Abstract

The wide-ranging benefits visual imagery can bring to music performers have been extensively acknowledged throughout the literature (Clark et al., 2012; Connolly & Williamon, 2004). Although these works advance our knowledge of imagery, this phenomenon remains a complex one to pin down: even when focusing on the visual modality alone, several types of visual mental imagery are encountered. Taruffi and Küssner (2019) propose a more nuanced understanding of music listeners’ experiences of visual imagery, building on Christoff et al.’s (2016) conceptual framework to account for several typologies of visual mental images that vary in their degree of automatic and deliberate constraints. The aim of the present chapter is to adapt aspects of Taruffi and Küssner’s (2019) framework to describe a typology of (but not limited to) visual imagery in music performance.
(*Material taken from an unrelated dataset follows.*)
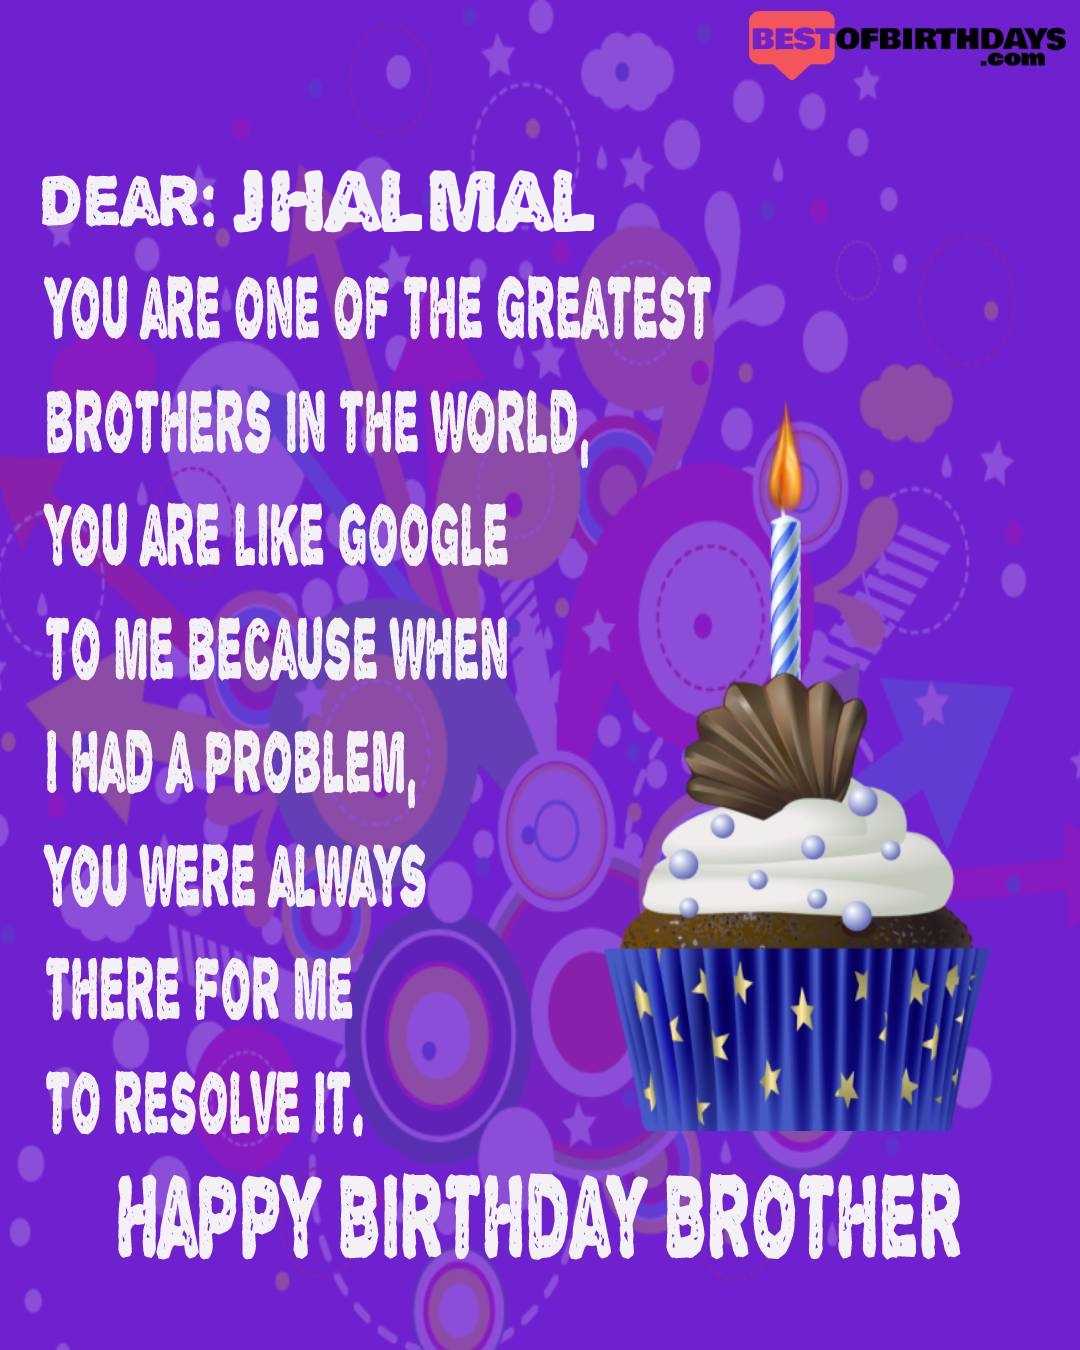 Happy birthday jhalmal bhai brother bro

In the first part of this chapter, the author reviews selected literature through the lens of Taruffi and Küssner’s framework and develops three broad categories for music performers’ uses or experiences of visual imagery: spontaneous, heuristic, and strategic. In the second part, these categories are discussed in relation to extracts of qualitative data drawn from the author’s personal accounts as a pianist, as well as a brief piano-duet case study. Overall, visual imagery can be a powerful and versatile tool available to performers.